The wrench corresponding to each insertion point was determined using the distance between the points on the tibia and femur. This is equivalent to considering the single fiber as a line element between corresponding points on the insertions. However, the method could be extended considering ligament wrapping on the surfaces, by finding at each sampling point the fiber length with known ligament-wrapping algorithms [14, 32]. For a given level of accuracy (with respect to the benchmark model), the inclusion of fiber wrapping will likely require a higher number of sampling points (i.e., fibers) and thus a higher computational time. Both the TPSM and the MBM will be affected by this increment. However, since the suggested TPSM implementation uses the Gaussian quadrature rule, the sampling points of TPSM are expected to provide a better approximation of the wrench with respect to the MBM, therefore requiring fewer fibers at the same level of accuracy.
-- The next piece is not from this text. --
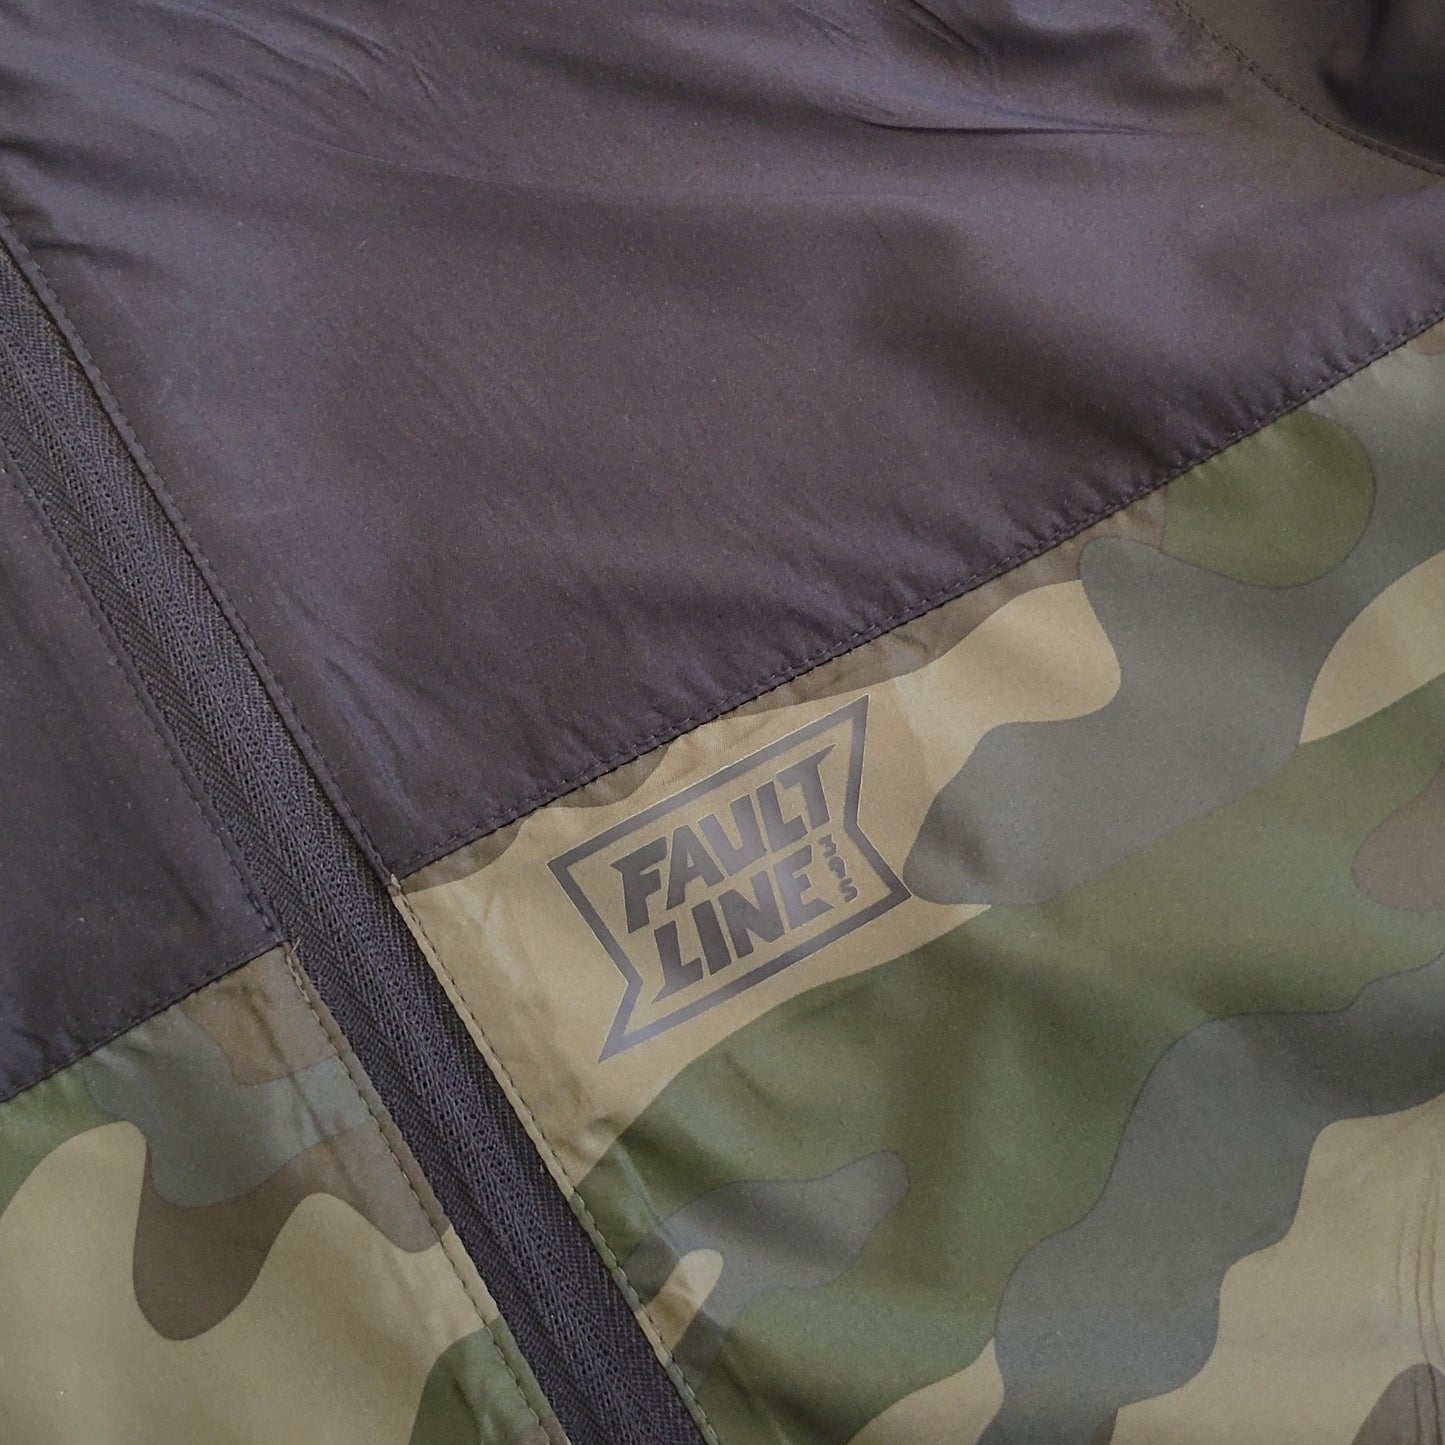 Pack Lite Jacket - Army Camo

Finally, the aim of the present study is to introduce the TPSM and discuss its formulation. In this perspective, some aspects more related to the biomechanical application of the model are not considered here and will be developed in future studies on the subject.

5 Conclusions

A new ligament model, namely the Thin-Plate Spline Model (TPSM), is presented in the paper. The analytical formulation, the model definition, and corresponding numerical simulations are provided, comparing the TPSM with the classical multibundle model (MBM).
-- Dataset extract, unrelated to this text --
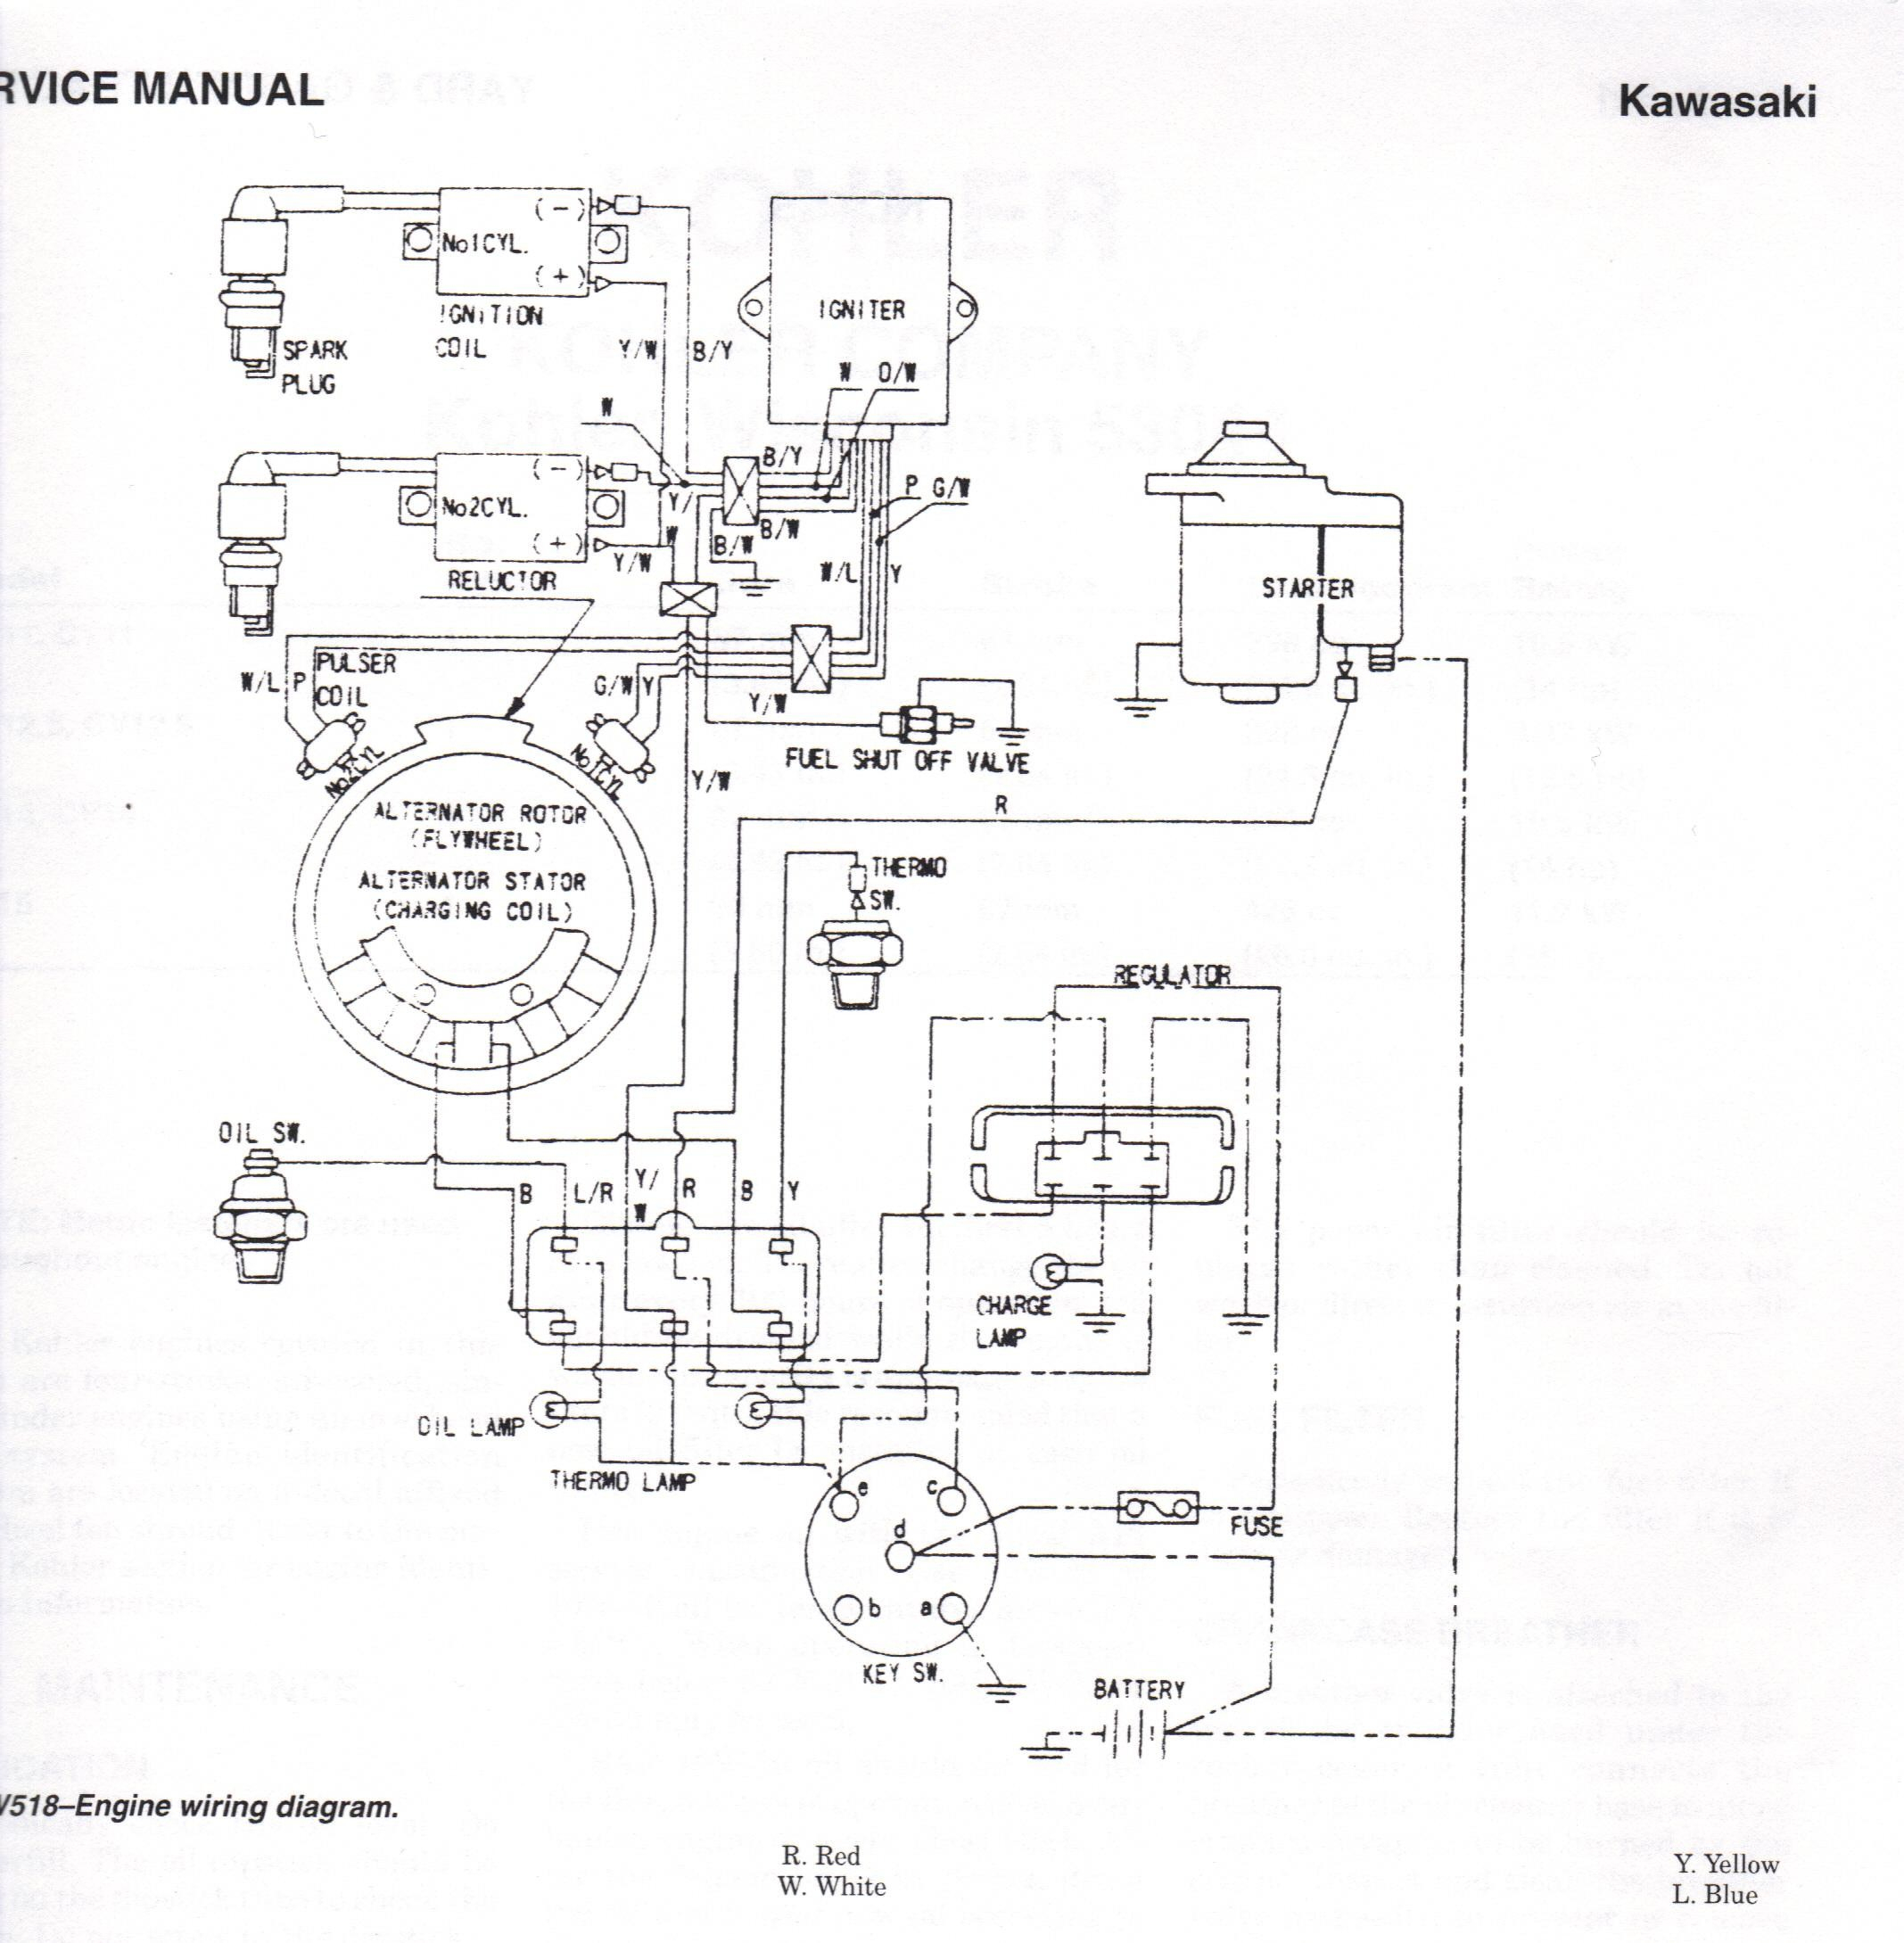 Gm Ignition Switch Wiring Diagram - Wiring Diagram And Schematics - Gm Ignition Switch Wiring Diagram

TPSM allows the representation of the whole ligament as a continuous distribution of infinitesimal fibers and the description of its mechanical features as a continuous function over the insertion area. Numerical integration of the model requires the continuous function to be evaluated at discreet points similarly to the classical MBM, so that the TPSM can be thought as a generalization of this model where each sampling point can be interpreted as a ligament fiber. However, in contrast to the MBM, TPSM provides a rigorous method to identify, place, and weight the contribution of each fiber to the ligament wrench. Finally, numerical simulations show that the TPSM is faster than the MBM when compared at the same level of accuracy.